長野県には「塩丸イカ」という郷土料理があります。ゆでたスルメイカをたっぷりの食塩に漬け込んだ保存食で、日本海産のイカは山を越えて運ばれ、海から遠い内陸部で貴重なタンパク源として親しまれてきました。明治維新を描いた島崎藤村の『夜明け前』にも登場します。冷蔵技術が発達し生のイカが手に入る現代でも愛されており、スーパーでも売られています。近年は学校給食の献立にも取り入れられ、郷土の味として改めて注目されています。
一方で、こうした食文化の担い手が高齢化し、伝承が途絶えかねない現実もあります。塩丸イカもかつては長野県以外でも愛されていましたが、現在は生産量の約9割が長野県内で消費されており、ほかの地域では売ろうとしても売れないと言われています。

塩丸イカが開く歴史と暮らしへの扉

地域の食文化研究として塩丸イカを深く調べていくと、上手に塩を抜いて旬の夏野菜と和える家庭ごとの知恵や、塩を抜いて切るだけで食べられる手軽さから急な来客のもてなしにも用いられていたこと、お盆のごちそうとして食卓に並べる風習などが見えてきます。

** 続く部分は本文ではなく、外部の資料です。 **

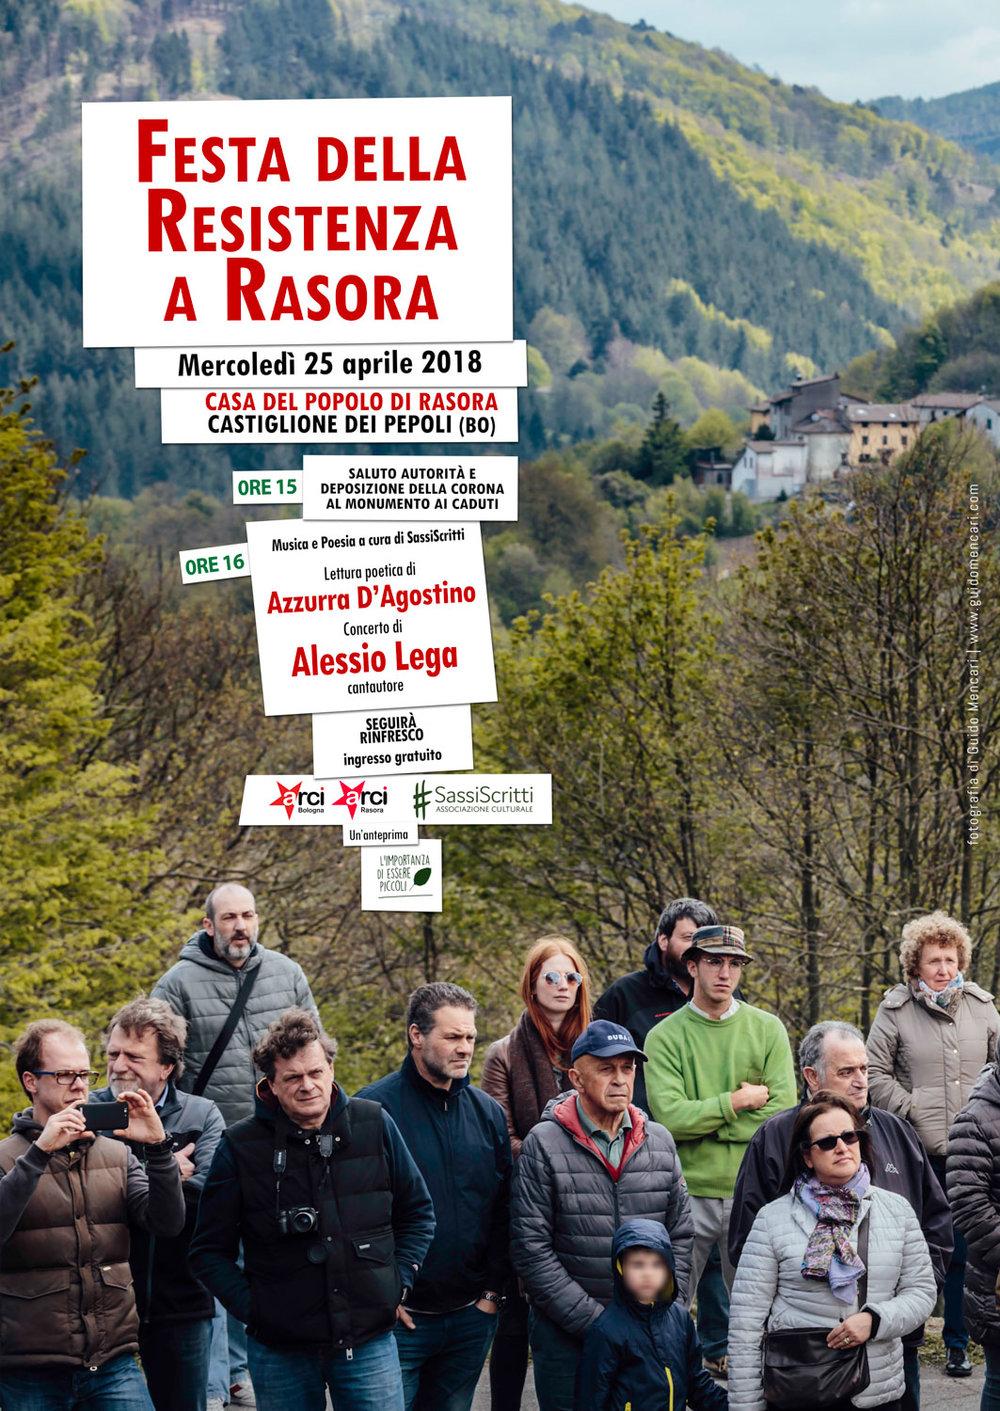 Festa della Resistenza a Rasora    #2   2018

さらに、シロウリのかす漬けを取り出した後の酒かすに塩イカを漬け直すリメイク料理もあり、食材を無駄にしない工夫が幾重にも重ねられてきたこともわかります。

食文化を次の世代へつなぐ

また、長野県には「ひだみ」と呼ばれるどんぐりの食文化がありますが、これを受け継ぐ人もほぼいなくなりました。そこで近年、大学生が地域の高齢者からどんぐりの加工法を学び、それを地元の小学生に伝える活動が始まっています。どんぐりの粉はあんこにも餅にもなるので、子どもたちと一緒に団子を作って食べます。一緒に作り、一緒に食べる体験が世代を超えた交流を生み出しています。どんぐりを食べることは、食料自給率の向上にもつながるかもしれません。
食は誰もが毎日関わるものです。身近な食への関心を深めることが、私たちの日常にも新しい発見をもたらしてくれるはずです。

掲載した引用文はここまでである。